Even as the Finance Minister gets ready to present the Union Budget for FY22, it is well known that the stress on the Centre’s finances due to the pandemic has widened the fiscal deficit considerably in FY21. But looking at the Centre’s books alone does not give the full picture as a large part of the revenue and expenditure of the country is captured in the dispersed State Budgets.

How have the States fared in the Covid times and how will the combined fiscal deficit of Centre and States be?

States’ numbers

State finances are in dire straits. A sharp decline in the tax and non-tax revenue, coupled with pandemic-led additional expenditures and borrowings has overstretched the State finances pushing their gross fiscal deficit much higher.

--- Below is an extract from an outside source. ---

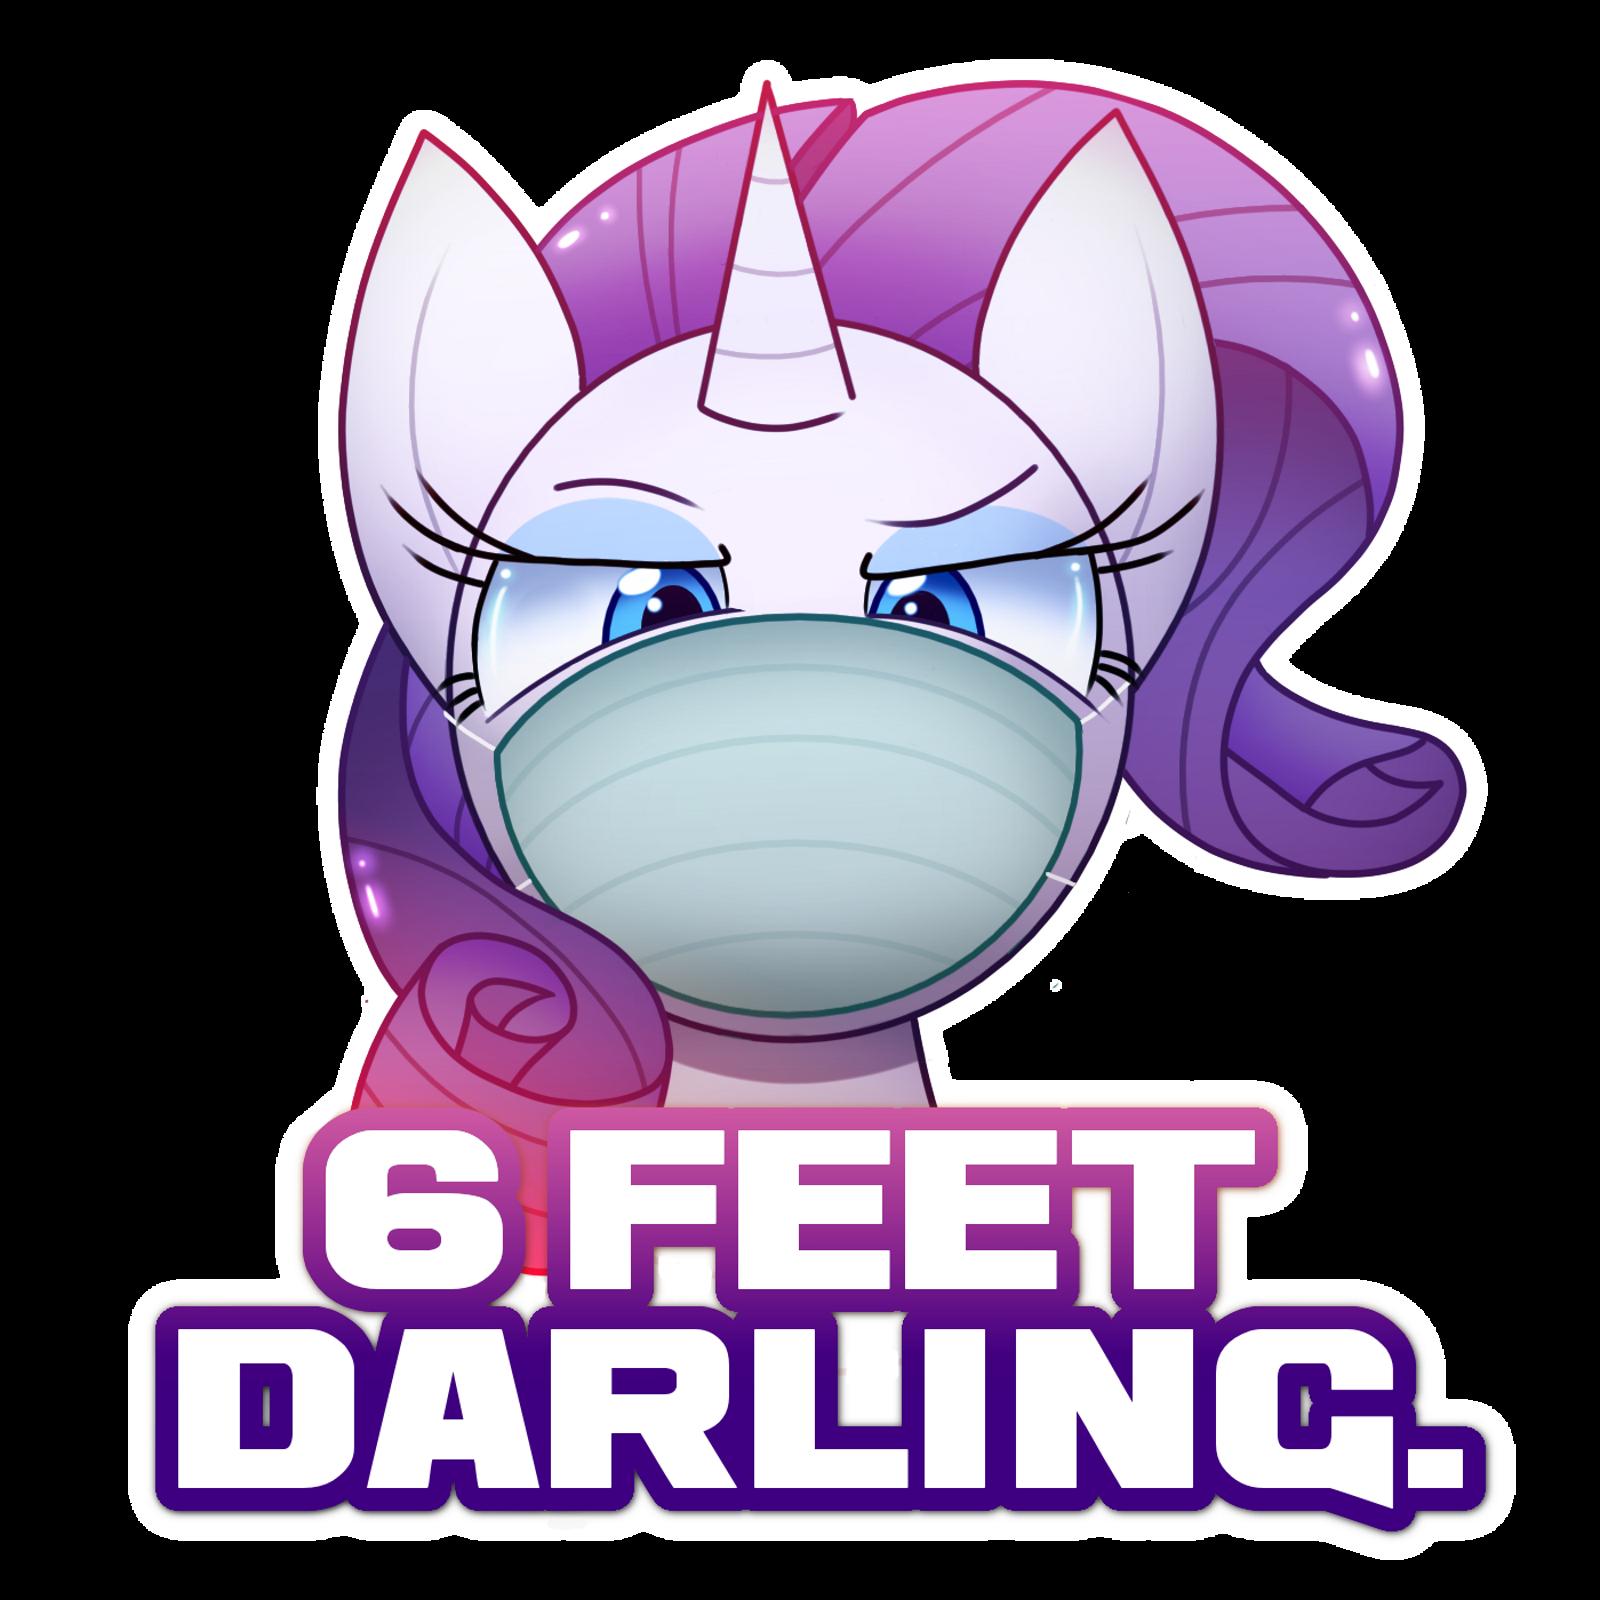 6 Feet Darling

Data compiled from the Comptroller & Auditor General (C&AG) show, the fiscal deficit of large States, in the first eight months of FY21, is already about 70 per cent of their annual budget. Against a fiscal deficit budget of ₹5.66 lakh crore for the whole of FY21, the actual deficit of these States has already touched ₹3.89 lakh crore.

States such as Karnataka, Andhra Pradesh, Rajasthan and Kerala have overshot their annual fiscal deficit target by a wide margin. States like West Bengal, Telangana and Chhattisgarh are also closing in. (Chart 1)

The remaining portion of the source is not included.